Expert-verifiedFound in: Page 359

Book edition
7th

Author(s)
Douglas C. Giancoli

Pages
978 pages

ISBN
978-0321625922

**(I) Super Invar™, an alloy of iron and nickel, is a strong material with a very low coefficient of thermal expansion \(\alpha = 0.20 \times 1{0^{ - 6}}\;/^\circ C\). A 1.8-m-long tabletop made of this alloy is used for sensitive laser measurements where extremely high tolerances are required.

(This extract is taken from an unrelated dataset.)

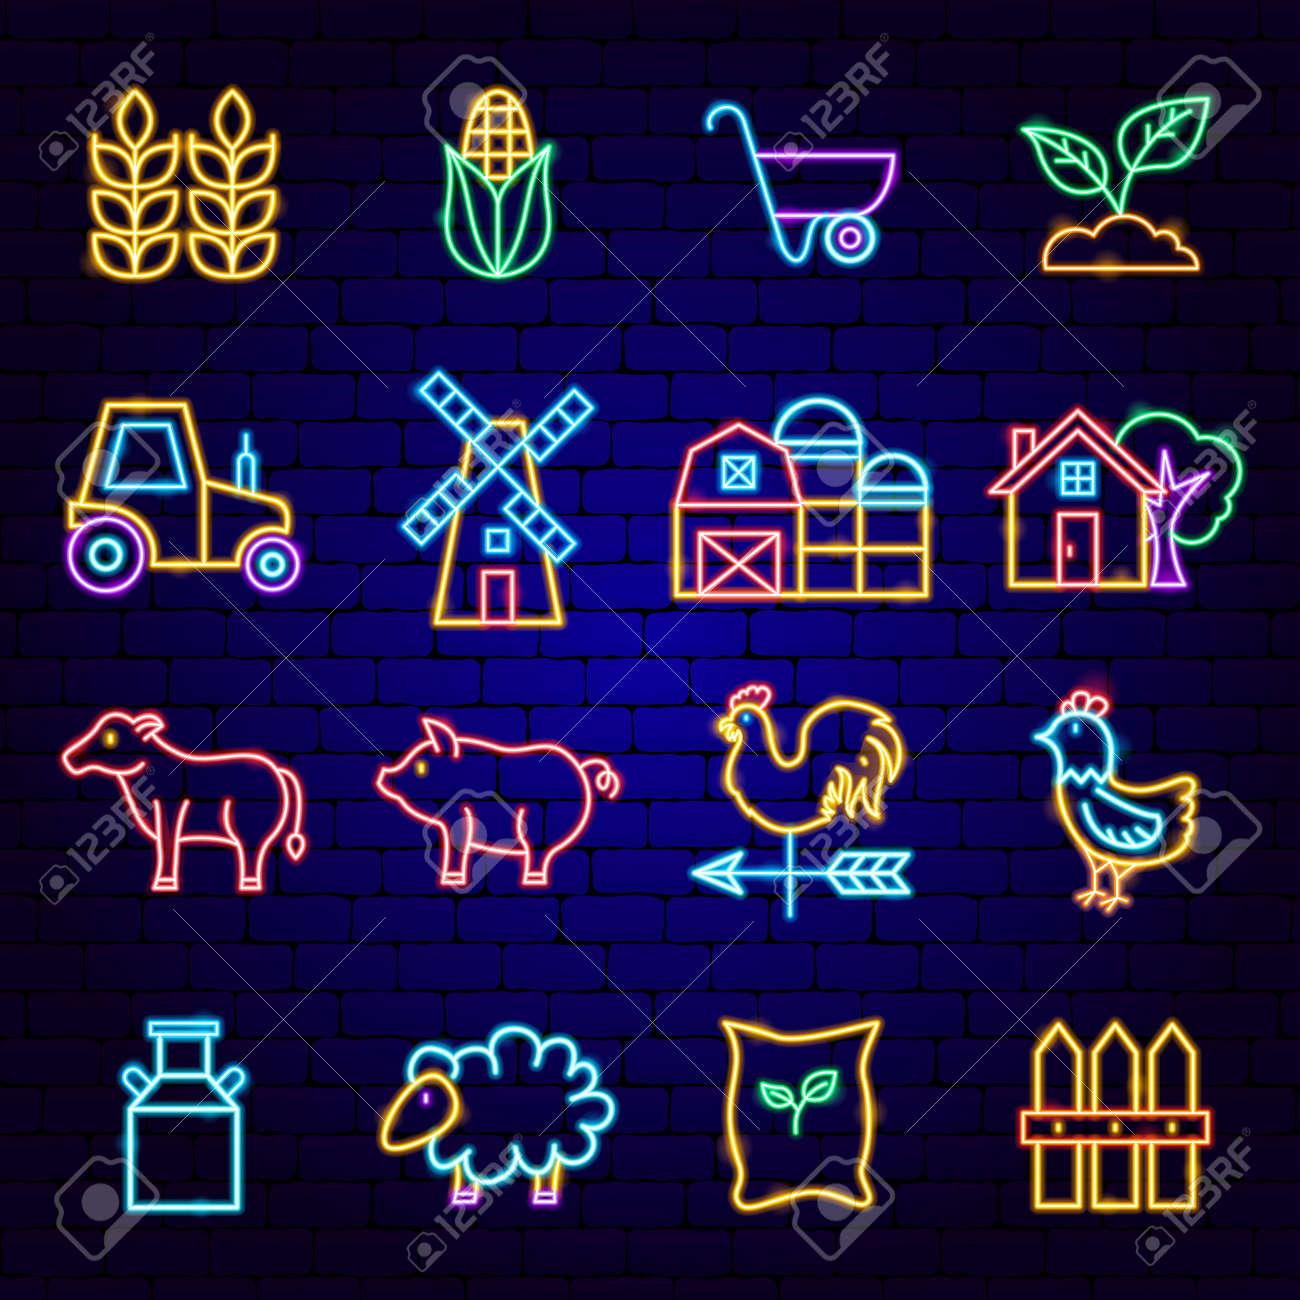 Farming Neon Icons - 169264489

How much will this alloy table expand along its length if the temperature increases 6.0 C°? Compare to tabletops made of steel. **

The change in the length of the alloy table is \(2.16 \times {10^{ - 6}}{\rm{ m}}\). The change in the length of the steel table is \(1.30 \times {10^{ - 4}}{\rm{ m}}\). The change in the length of the steel table is approximately 60 times the change in the length of the alloy table

- The coefficient of thermal expansion of the alloy is \({\alpha _{al}} = 0.20 \times {10^{ - 6}}\;{\rm{/^\circ C}}\).
- The coefficient of thermal expansion of the steel is \({\alpha _s} = 12 \times {10^{ - 6}}\;{\rm{/^\circ C}}\).
- The length of the table top is \(l = 1.8{\rm{ m}}\).
- The increase in the temperature of the alloy table \(\Delta {T_{al}} = 6^\circ {\rm{C}}\).
- The increase in the temperature of the steel table \(\Delta {T_{st}} = 6^\circ {\rm{C}}\).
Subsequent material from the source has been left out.